Dark energy reconstruction analysis with artificial neural networks: Application on simulated Supernova Ia data from Rubin Observatory

TL;DR

This paper presents an analysis of Supernova Ia (SNIa) distance moduli $\mu(z)$ and dark energy using an Artificial Neural Network (ANN) reconstruction based on LSST simulated three-year SNIa data and demonstrates that the model-independent ANN reconstruction is consistent with both theoretical models.

Abstract

In this paper, we present an analysis of Supernova Ia (SNIa) distance moduli $μ(z)$ and dark energy using an Artificial Neural Network (ANN) reconstruction based on LSST simulated three-year SNIa data. The ANNs employed in this study utilize genetic algorithms for hyperparameter tuning and Monte Carlo Dropout for predictions.
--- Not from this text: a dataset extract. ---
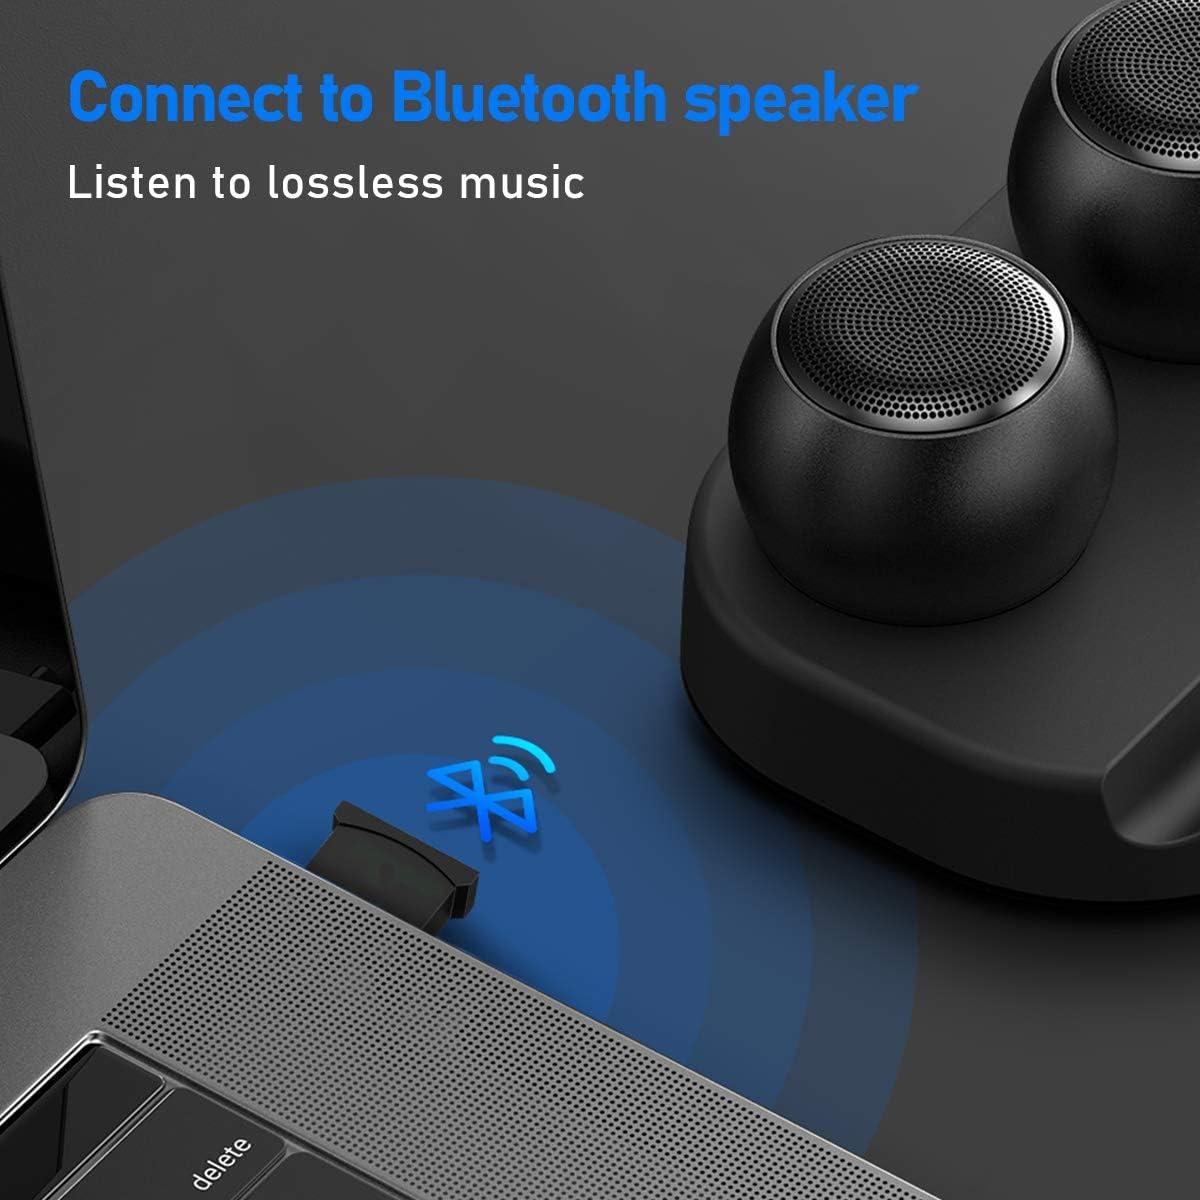 USB 5.0 Bluetooth Adapter Dongle Receiver Drahtloser Sender f/ür Computer Laptop Stereo Kopfh/örer Kompatibel mit Windows 10//8.1//8//7 XP//Vista innOrca Bluetooth Adapter f/ür PC

Our ANN reconstruction architecture is capable of modeling both the distance moduli and their associated statistical errors given redshift values. We compare the performance of the ANN-based reconstruction with two theoretical dark energy models: $Λ$CDM and Chevallier-Linder-Polarski (CPL). Bayesian analysis is conducted for these theoretical models using the LSST simulations and compared with observations from Pantheon and Pantheon+ SNIa real data. We demonstrate that our model-independent ANN reconstruction is consistent with both theoretical models. Performance metrics and statistical tests reveal that the ANN produces distance modulus estimates that align well with the LSST dataset and exhibit only minor discrepancies with $Λ$CDM and CPL.

Figures (5)

• Figure 1: ANN architecture founded by the hyperparameter tuning with genetic algorithms using nnogada.
• Figure 2: One and two-dimensional posterior distributions from Bayesian sampling for the free parameters of $\Lambda$CDM (left) and CPL (right) using SNIa data from Pantheon (1048 SNIa), Pantheon+ (1550 SNIa), and LSST simulations (5785 SNIa). For reference, dashed lines indicate the theoretical $\Lambda$CDM values of $w_0 = -1$ and $w_a = 0$.
• Figure 3: EoS for CPL with the three different datasets. We obtained these plots from the posterior distribution sampling using fgivenxhandleyfgivenx. It is interesting to note that for the LSST case, the $w=-1$ line (red dashed) marginally crosses the $1-\sigma$ range.
• Figure 4: Neural network reconstruction for distance modulus, $\mu(z)$ (black) with the standard deviation of the Monte Carlo Dropout predictions plus the modeled error (yellow region) using LSST data (green dots). Left: With $\Lambda$CDM and CPL using the values of the parameter estimation using LSST data. Right: In comparison with data points from other SNIa surveys, Pantheon and Pantheon+ using $\Lambda$CDM model only.
• Figure 5: Residual plot ($\delta\mu$) for two cosmological models as shown in figure legend. The residuals are computed between the LSST SNIa sim data (Fig. \ref{['fig:ann_reconstructions']}) and model-derived distance estimates. The right panel shows a Gaussian distribution of the corresponding residuals.